Came in to work this morning to be greeted by my first ever PSOD. I checked out kb 1004250, but I really can't seem to find too much info on this one. Anyone ever seen this or have any guesses on it?
Thanks,
Brian
MCE's are always hardware related. I would check CPU first, but it could also be a memory issue. VMware Support won't help with MCE's as they are hardware vendor specefic.
What were you doing on the host before it crashed? were you doing storage scanning?
Thanks Troy. The Dell OpenManage agents are reporting no problems, the hardware status tab looks clean for this host, and I can't find anything of any real interest in the logs either.

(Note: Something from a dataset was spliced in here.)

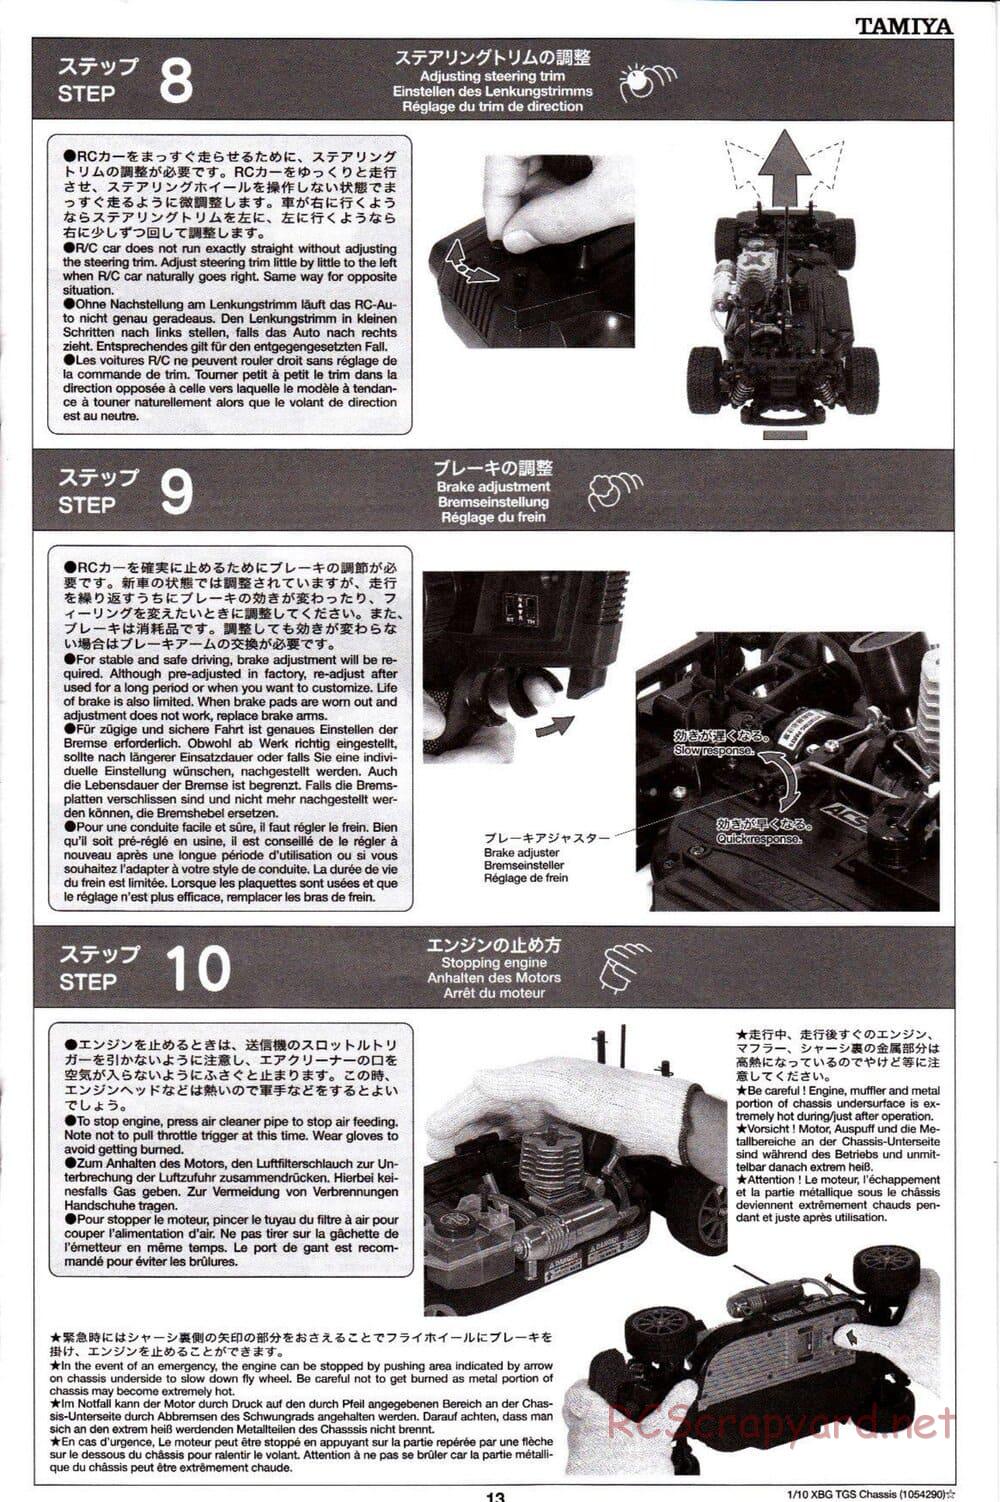 Tamiya - TGS Chassis - Manual - Page 13

Guess I'll roll a few unimportant VMs over on this host and continue to monitor it for a while.
also, when the ESX Host comes up, you should have a dump file off /
I usually open them with WinSCP. Sometimes it's obvious what the error is, sometimes not. But look for keywords MCE.

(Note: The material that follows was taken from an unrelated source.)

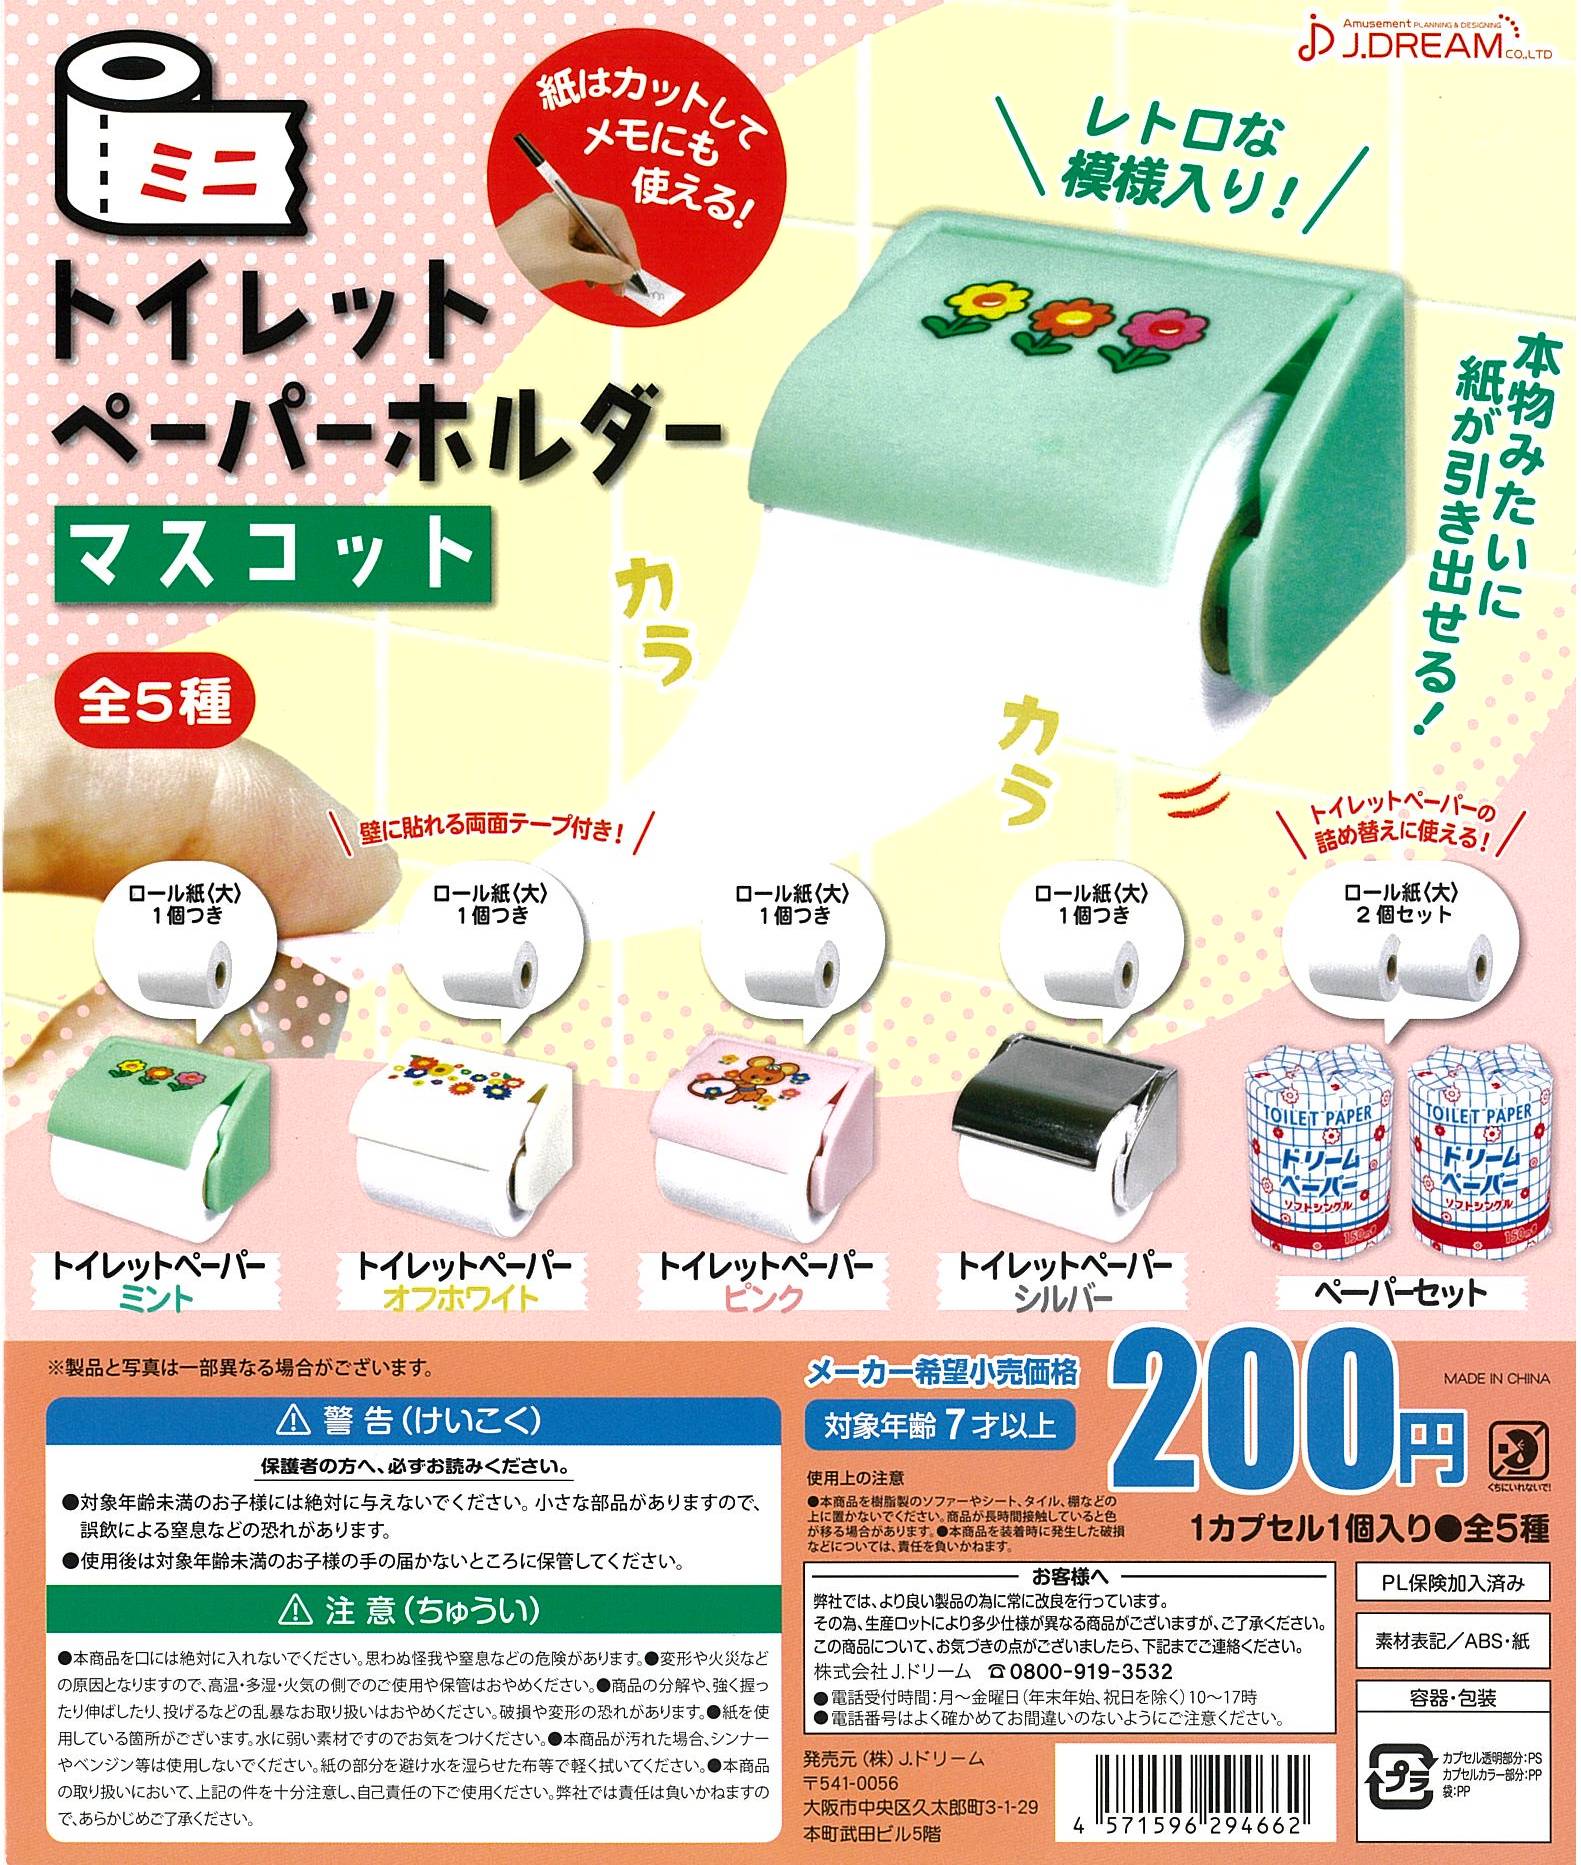 CP2566 Mini Toilet Paper Holder Mascot

From what I can tell, nothing was going on on the host. This happened before work hours began, so there were no manual admin actions going on. In the hour leading up to the HA event, each and every VM on the host had CPU alarms issued as the cpu usage went from green to yellow then red.
I had the same problem couple of weeks ago, but our storage guy was performing storage scanning and the ESX host crashed.. I rebooted it, came back, and since then it is been running fine. Sent the logs to VMware support and they said it could be because of an old HBA firmware issue..
Used the dump info along with some info I found in kb 1005184. Appears to be something with the CPU data cache on CPU 2. Moving some "less important" VMs back on the host now and will keep on watching it. Good times on a Friday going into a holiday weekend!!
nothing like rolling into the holiday weekend smoothly